Godzilla vs. Megaguirus (2000) features the Japanese in a guise which desires not to be victims, but exterminators of the great lizard. They’ve concocted a weapon which spits black holes, but after its first test run, ancient flying creatures named Meganula appear (think 10 ft long dragonflies), plucking up juicy morsels to eat and eventually flooding Tokyo, probably because their molted skins clogged a sewer drain.

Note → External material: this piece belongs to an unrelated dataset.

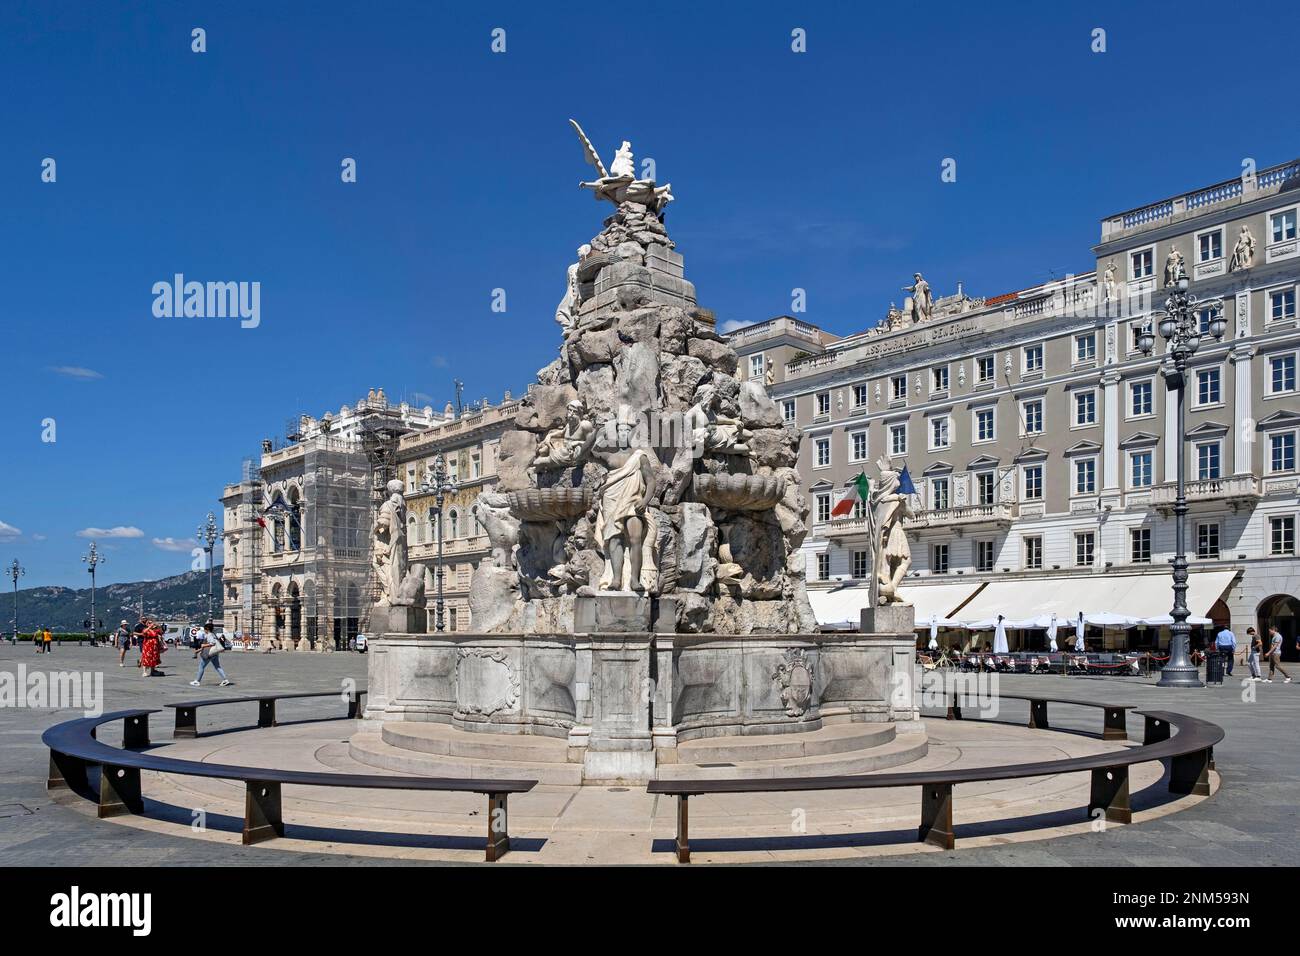 Fountain of Four Continents on the Piazza Unità d'Italia / Unity of Italy Square in the city centre of Trieste, Friuli Venezia Giulia, northern Italy Stock Photo

Meanwhile, Godzilla is on his way towards Tokyo, for reasons unknown – which give the Japanese a chance to eliminate him. But their attempt fails, and while waiting for the weapon to recharge, the Meganula arrive. The Japanese haven’t been able to do much with them, but Godzilla’s advanced halitosis weapon proves effective, and the battered Meganula survivors return to flooded Tokyo, where they fire up their mother / father / avenging god, Megaguirus. Yep, a giant dragonfly.
While the humans flit about ineffectively, Godzilla and Megaguirus have a traditional monster grudge match, and after a setback or three, Godzilla manages to burn Megaguirus to a crisp. At this point, the satellite housing the black hole gun is caught in a decaying orbit, and they only just manage to fire it at Godzilla, who then disappears. Some big wig goes to jail for concealing a banned plasma energy research facility in Tokyo, which is what attracted Godzilla to same.
And, speaking of, is he really gone?
Packed full of the usual ineffectual Japanese characters, the high point of this film is Godzilla himself, who looks suitably crabby about the entire thing. Megaguirus, on the other hand, is just a boring plastic model, and the Meganula aren’t much better.
Yeah, don’t bother, unless you’re a completist. Then do it with a case of beer.